The MRI timeline is the longest among our successful cases, spanning 46 years from theoretical prediction to FDA-approved commercial product. Quantum computing proponents sometimes cite this as evidence that their technology "just needs more time." But the comparison has a critical flaw: MRI produced intermediate commercial products (NMR spectrometers for chemistry research, generating revenue from the 1950s onward) throughout its development. Quantum computing has no equivalent intermediate product.

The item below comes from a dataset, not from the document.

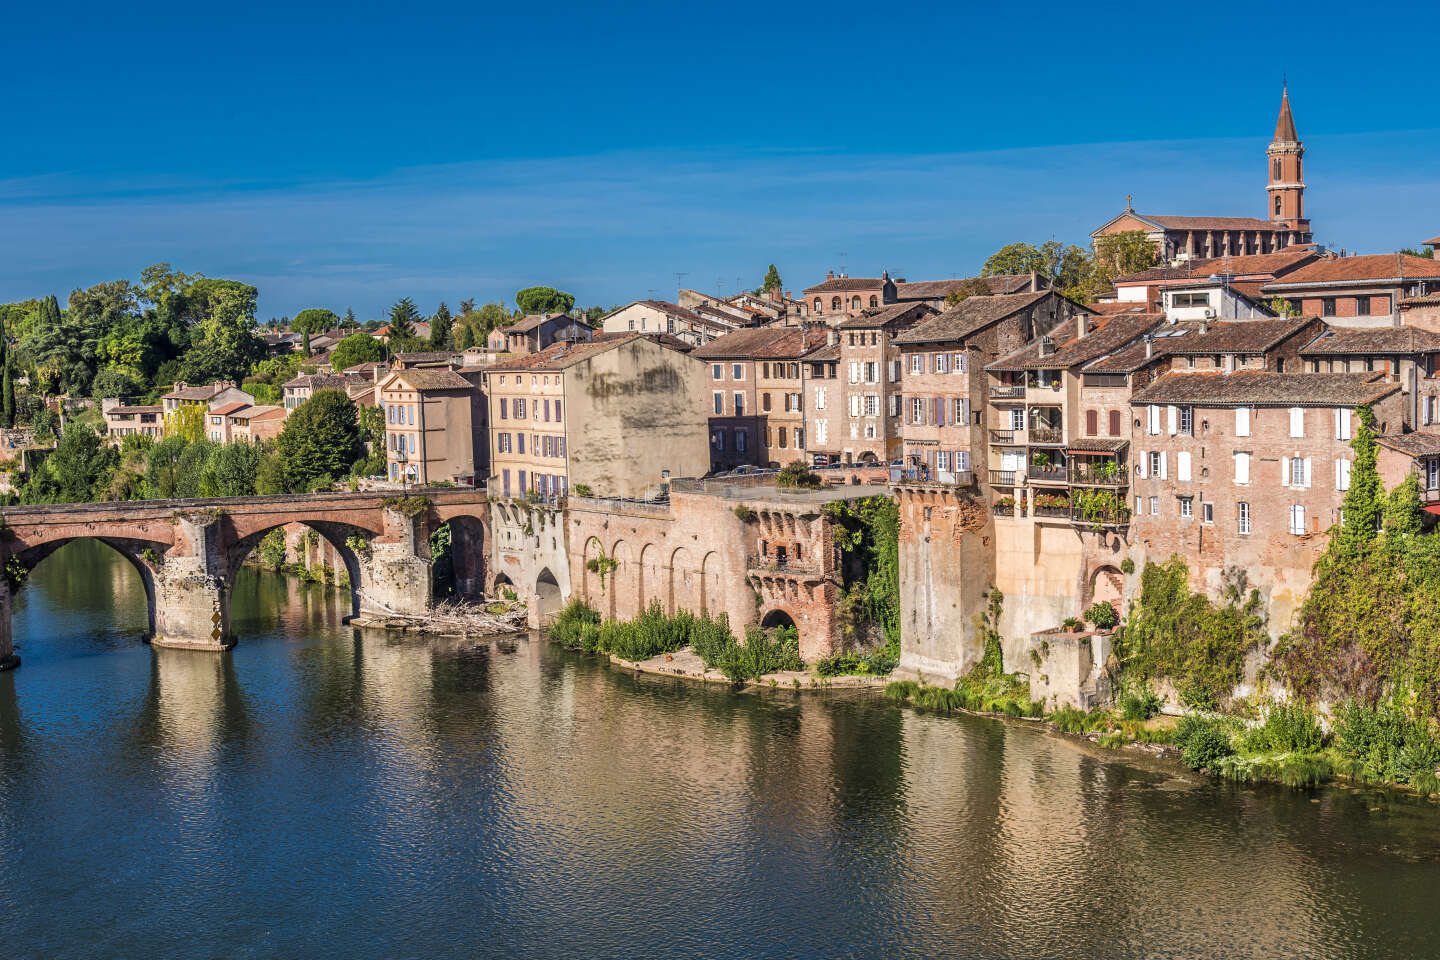 Immobilier : Albi, ville moyenne, grandes ambitions

Common Features of Successful Physics Bets

Across all five successful technologies, we can identify six structural features that predicted commercial success:

  1. Early practical demonstration: A working prototype existed within 5-10 years of the theoretical idea
  2. Continuous improvement pathway: Each generation was incrementally better without requiring fundamental breakthroughs
  3. Intermediate commercial products: Revenue was generated well before the technology reached its mature form
  4. Scalable manufacturing: The technology could be mass-produced using existing or readily developed industrial processes
  5. Clear customer demand: At least one industry recognized an immediate application
  6. Favorable scaling physics: Larger systems worked better (or at least no worse) than smaller ones
Technology Early Demo Continuous Improvement Intermediate Products Scalable Mfg Customer Demand Favorable Scaling
Transistor Yes (1947) Yes Yes (radios, ICs) Yes Yes (military, telecom) Yes
Laser Yes (1960) Yes Yes (medical, industrial) Yes Yes (surgery, manufacturing) Yes
Fiber optics Yes (1970) Yes Yes (telecom links) Yes Yes (telecoms) Yes
GPS clocks Yes (1978) Yes Yes (military nav) Yes Yes (military, civilian) Yes
MRI Yes (1977) Yes Yes (NMR spectrometers) Yes Yes (hospitals) Yes
Quantum computing Partial No No No Unclear No (worse)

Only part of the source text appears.